A self-taught player, Big Chief Ellis performed at house parties and dances during the 1920’s. He traveled extensively for several years, working mostly in non-musical jobs. After a three-year army stint from 1939 – 1942, Ellis settled in New York. He started recording for Lenox in 1945, and also did sessions for Sittin’ In and Capitol in the 1940’s and 50’s, playing with Sonny Terry and Brownie McGhee for Capitol. Though Ellis reduced his performance schedule after moving from New York to Washington D.C., his career got a final boost in the early 1970’s. He recorded for Trix and appeared at several folk and blues festivals until his death in 1977. His self-titled Trix album features John Cephas, Tarheel Slim, and Brownie McGhee. He also backed Tarheel Slim on his Trix album.

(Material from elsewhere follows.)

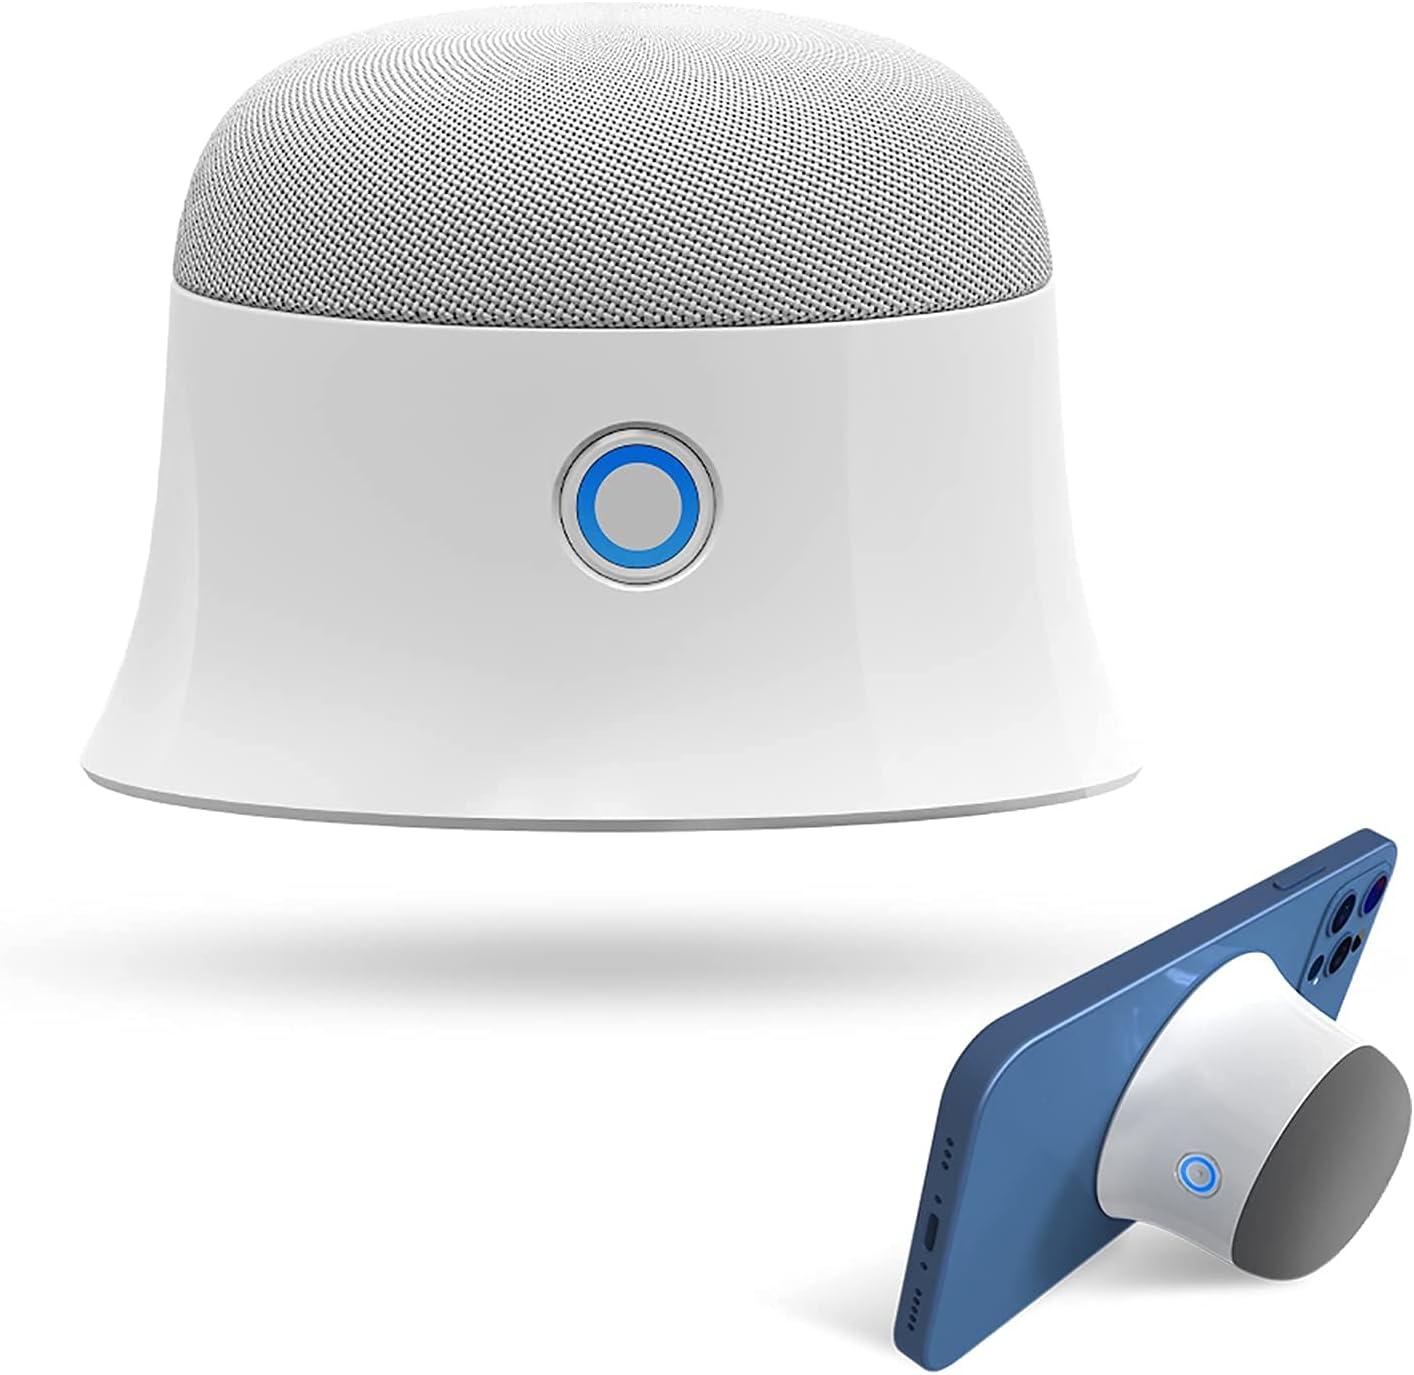 Mini Magnetic Bluetooth Speaker, Small Shower Speaker, Extra Bass Wireless Portable Speaker MagSafe Bluetooth Speaker Compatible with iPhone 12/12 Mini/12 Pro/12 Pro Max (White)

While still in North Carolina during the early 1940’s, Tarheel Slim worked with several gospel groups. He broke away with Thurman Ruth and in 1949 formed their own group, the Jubilators. During a single day in New York in 1950, they recorded for four labels under four different names, One of those labels was Apollo, who convinced them to go secular. That’s basically how the Larks, one of the seminal early R&B vocal groups, came to be. He cut two sessions of his own for the firm in 1952 under the name of Allen Bunn. As Alden Bunn, he encored on Bobby Robinson’s Red Robin logo the next year. He also sang with another R&B vocal group, the Wheels and the Lovers. As Tarheel Slim he made his debut in 1958 with his wife, Little Ann, in a duet format for Robinson’s Fire imprint. He cut a pair of rockabilly raveups of his own, “Wilcat Tamer” and “No. 9 Train.” After a few years off the scene, Tarheel Slim made a bit of a comeback during the early 1970’s, with an album for Trix, his last recording. He died in 1977. Lowry wrote that “Tarheel Slim was one of the finest voices to appear appear in the blues and R&B world, as this collection will solidly demonstrate. …Slim was a consummate artist and a great gentleman: this recording gives the world at-large at least a partial glimpse of his talent.”

Guitar Shorty
Guitar Shorty, photo by Kip Lornell.

Robert Lockwood cut two albums for Trix,  Does 12 and Contrasts, (issued together as The Complete Trix Recordings on the 32 Blues label) which rank among his best recordings. The crack band features the great sax player Maurice Reedus who played with Lockwood for 35 years and passed away just recently. Lowry was planning to issue an album by Reedus but it was never released. As Lowry told me: “Words fail me… I was truly a ‘Fortunate Son’ to have known and worked with this man, a true gentleman and a noble/regal being. All of ‘Contrasts’ was recorded in his living room in Cleveland (band sides) or Roger Brown’s place!”

Lowry called Guitar Shorty (John Henry Fortescue) “One of the most spontaneous musicians around; right up there with Lightnin’ Hopkins, maybe more so.” He cut a pair of unissued sides for Savoy in 1952, the album Carolina Slide Guitar (Flyright, 1971) and his final album for Trix, Alone In His Field,  before passing in 1975.